92-U -238
92-U -238 JAEA+ EVAL-NOV09 O.Iwamoto,N.Otuka,S.Chiba,+
DIST-MAY10 20100311
----JENDL-4.0 MATERIAL 9237
-----INCIDENT NEUTRON DATA
------ENDF-6 FORMAT
History
06-07 (n,2n) cross section was revised.
06-10 nu-p was revised.
07-04 Calculation with CCONE code was performed.
07-06 Fission spectra above 5.5 MeV were revised.
07-11 Fission cross section was revised with simultaneous
evaluation.
07-12 Fission cross section was revised with results of new
simultaneous evaluation. Unresolved resonance parameters
were revised.
08-01 Fission cross section was revised.
08-03 Fission and capture cross sections, and nu-p were revised.
CCONE calculation was made with revised parameters.
Interpolation of (5,18) was changed.
Data were compiled as JENDL/AC-2008/1/.
09-08 (MF1,MT458) was evaluated.
09-10 fission cross section was modified slightly.
09-11 Results of new CCONE calculation were adopted.
10-03 Covariance data were given.
MF= 1
MT=452 Total number of neutrons per fission
Sum of MT=455 and 456.
MT=455 Delayed neutron data
(same as JENDL-3.3/2/)
Experimental data of Krick and Evans /3/ were renormalized
to those of Meadows /4/, and the least-squares fitting was
carried out with the SOK code /5/.
Decay constants were adopted from Keepin et al. /6/
MT=456 Number of prompt neutrons per fission
Experimental data reported after 1960 were considered:
Butler et al./7/, Conde et al./8/, Asplund-Nilsson/9/,
Mather et al./10/, Vorob'jova et al./11/, Bao/12/,
Nurpeisov et al./13/, Frehaut et al./14,15/, Malinovskij et
al./16/, Boykov et al./17/, Smirenkin et al./18/.
Cf-252 nu-p of 3.756 /19/ was used. These experimental data
were fitted with two straight lines below and above 14 MeV.
MT=458 Components of energy release due to fission
Total energy and prompt energy were calculated from mass
balance using JENDL-4 fission yields data and mass excess
evaluation. Mass excess values were from Audi's 2009
evaluation/20/. Delayed energy values were calculated from
the energy release for infinite irradiation using JENDL FP
Decay Data File 2000 and JENDL-4 yields data. For delayed
neutron energy, as the JENDL FP Decay Data File 2000/21/ does
not include average neutron energy values, the average values
were calculated using the formula shown in the report by
T.R. England/22/. The fractions of prompt energy were
calculated using the fractions of Sher's evaluation/23/ when
they were provided. When the fractions were not given by Sher,
averaged fractions were used.
MF= 2 Resonance parameters
MT=151
Resolved resonance parameters (RM: 1.0E-5 - 20 keV)

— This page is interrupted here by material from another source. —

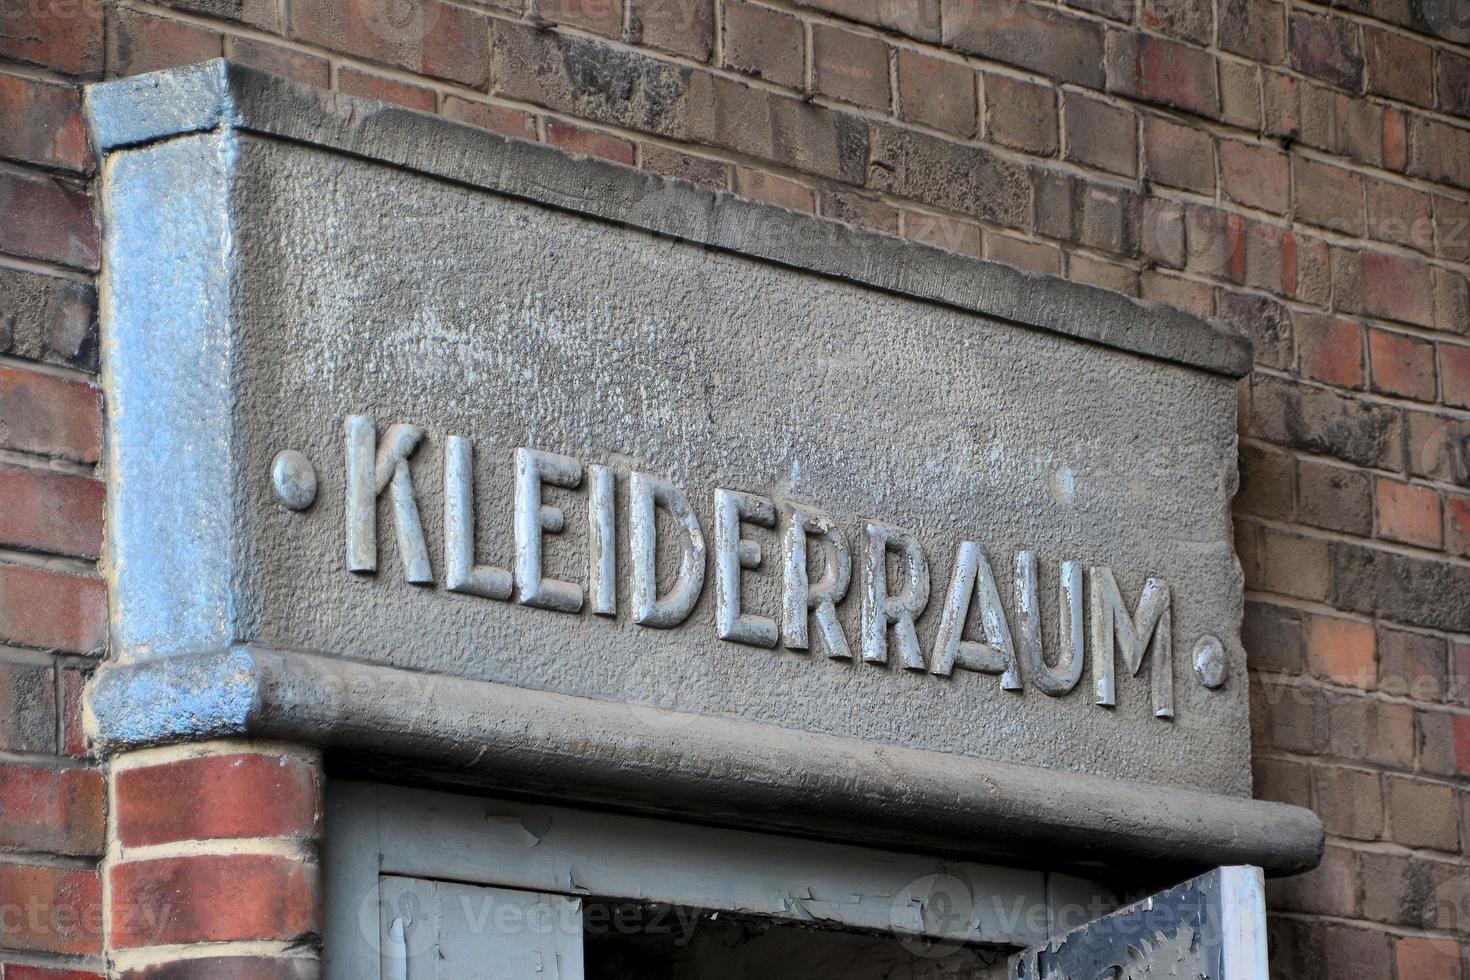 kleiderraum photo

The data of ENDF/B-VII/24/ were adopted. The parameters were
analyzed by Derrien et al./25/ with SAMMY code /26/ and
experimental data up to 20 keV/27,28,29,30,31,etc./
The thermal capture cross section was adjusted to 2.683 b
evaluated by Trkov et al./32/
Unresolved resonance parameters (20 keV - 150 keV)
The parameters are used only for calculation of self-
shielding factors.
Thermal cross sections and resonance integrals (at 300K)
-------------------------------------------------------
0.0253 eV reson. integ.(*)
(barns) (barns)
-------------------------------------------------------
total 11.983
elastic 9.300
fission 1.68E-5 1.24
capture 2.683 276
-------------------------------------------------------
(*) In the energy range from 0.5 eV to 10 MeV.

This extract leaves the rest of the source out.